## What to produce
A verbatim copy of the listing is what is needed, minus any pictures.

## Data extract
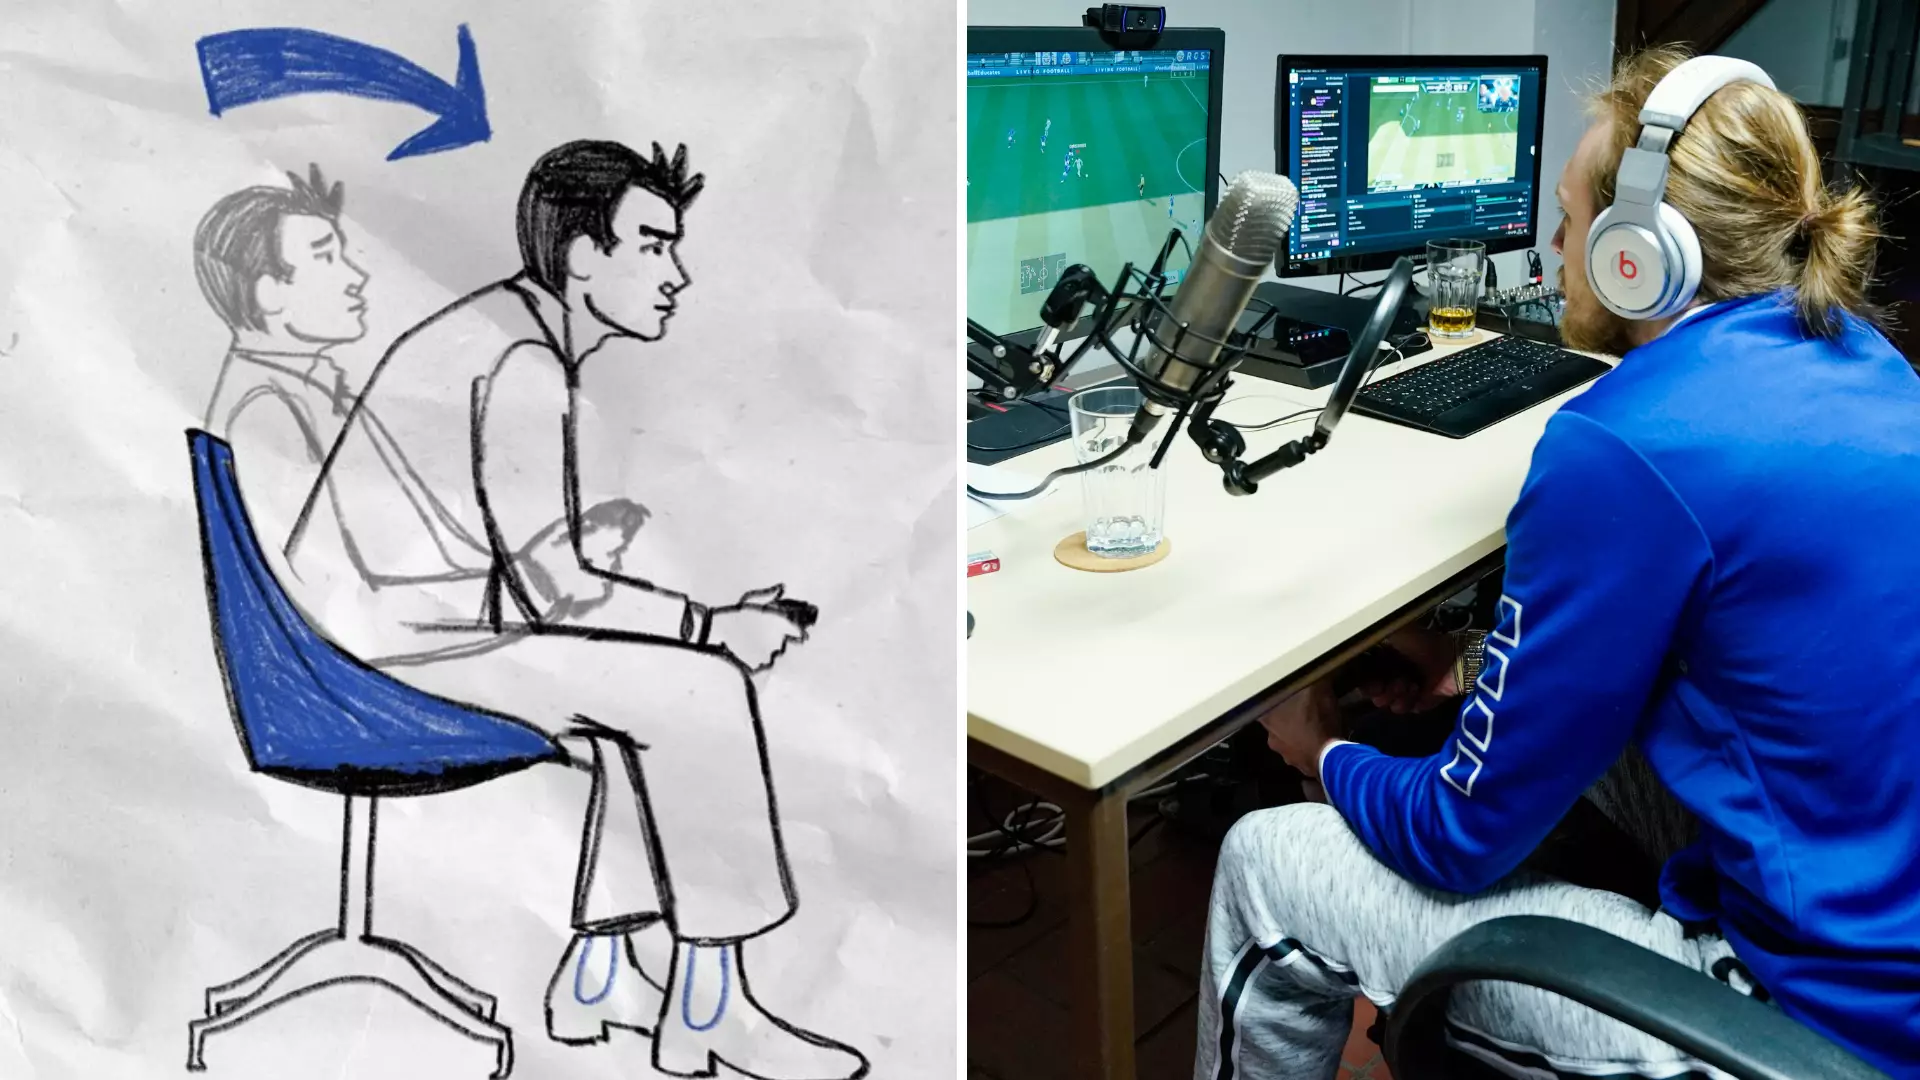 New Study Reveals The 'Gamer Lean' Is A Real Phenomenon And Can Help You Win At FIFA 21
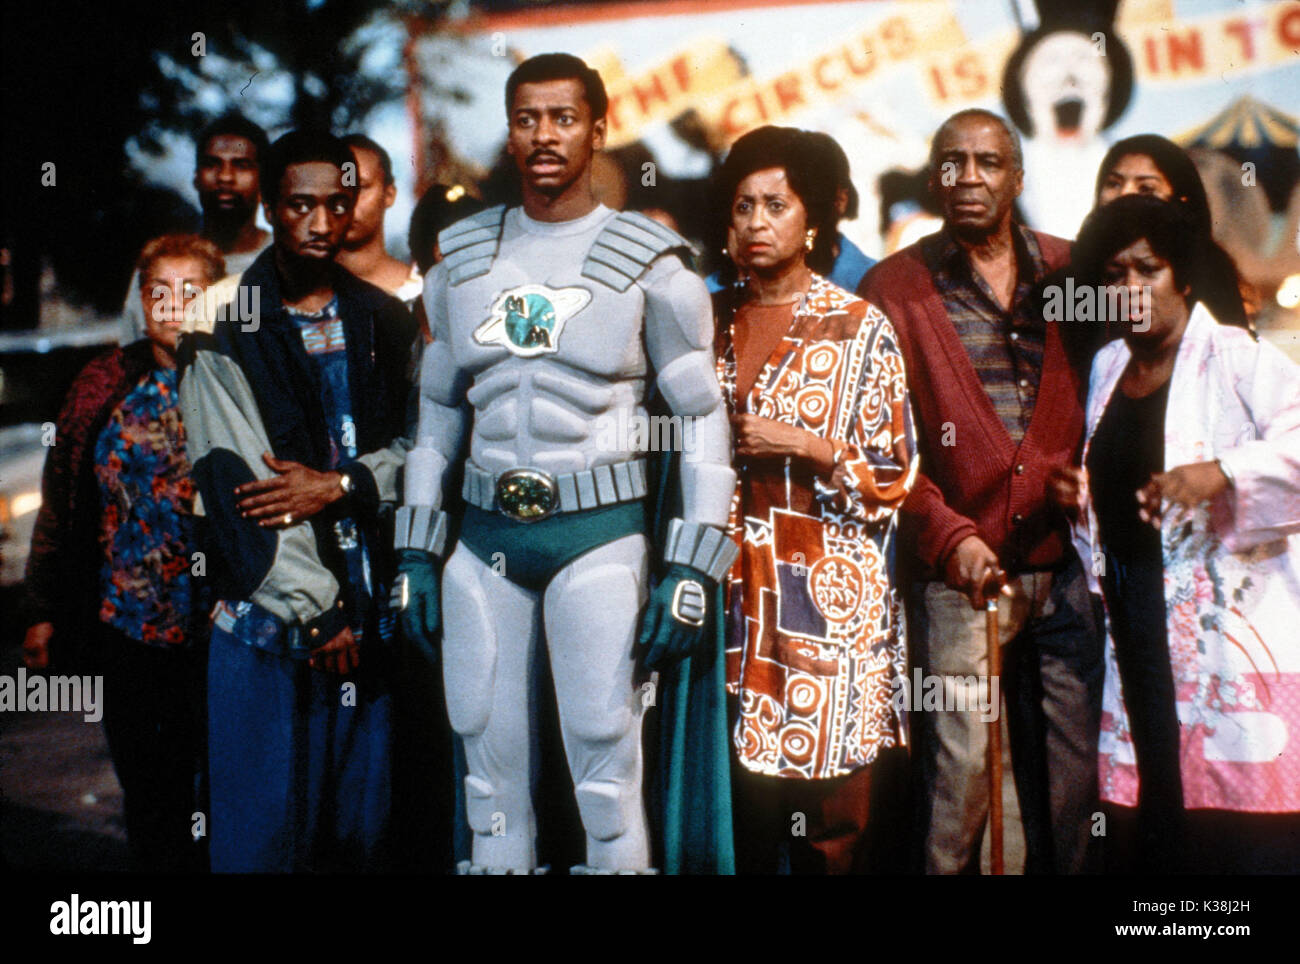 THE METEOR MAN ROBERT TOWNSEND as Meteor Man, with left to right: EDDIE GRIFFIN, MARLA GIBBS, ROBERT GUILLAUME, MARILYN COLEMAN     Date: 1993 Stock Photo
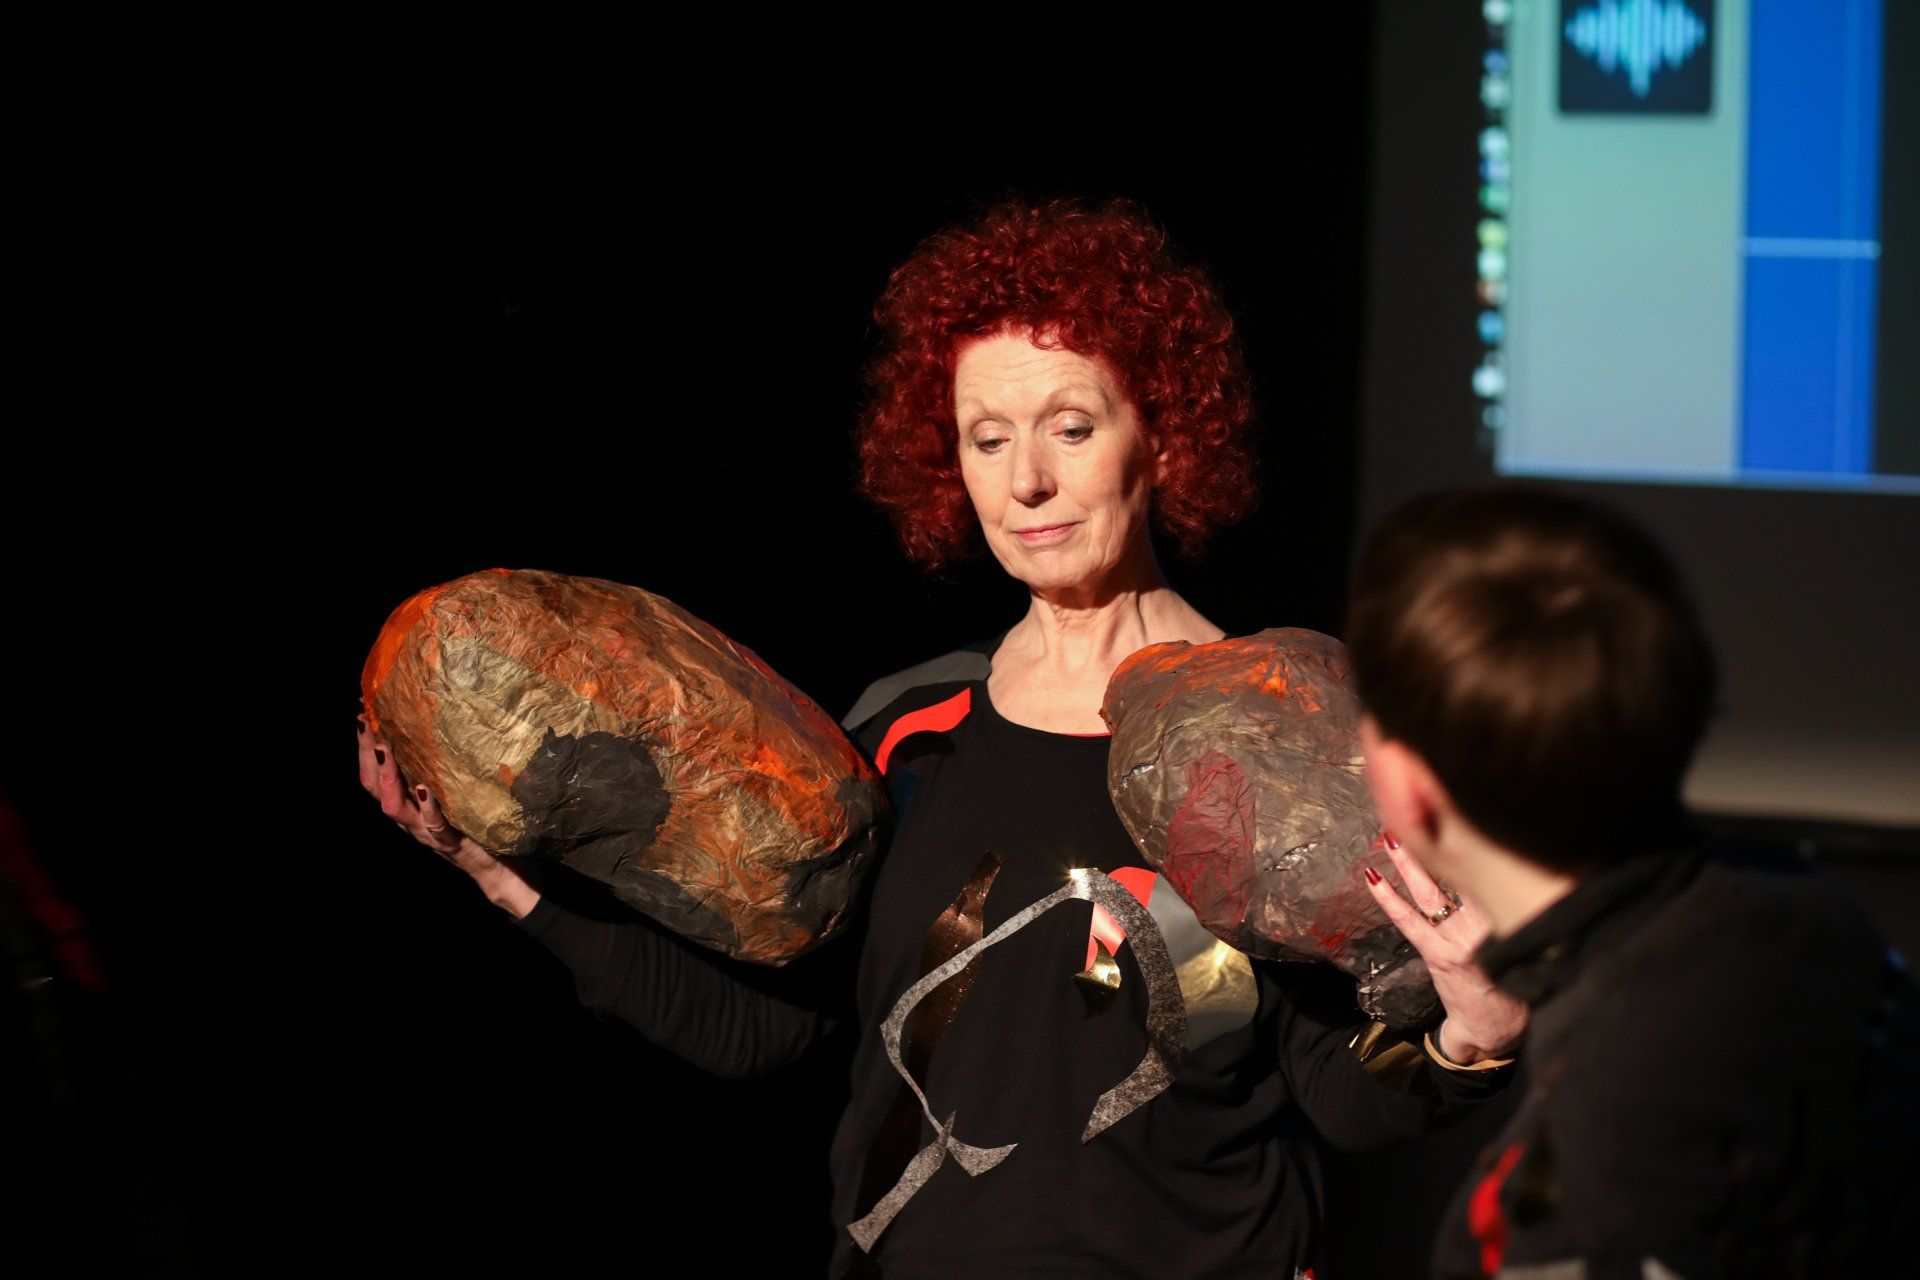 a woman with red hair is holding two large rocks in her hands .

## Exercise response
 New Study Reveals The 'Gamer Lean' Is A Real Phenomenon And Can Help You Win At FIFA 21
 THE METEOR MAN ROBERT TOWNSEND as Meteor Man, with left to right: EDDIE GRIFFIN, MARLA GIBBS, ROBERT GUILLAUME, MARILYN COLEMAN     Date: 1993 Stock Photo
 a woman with red hair is holding two large rocks in her hands .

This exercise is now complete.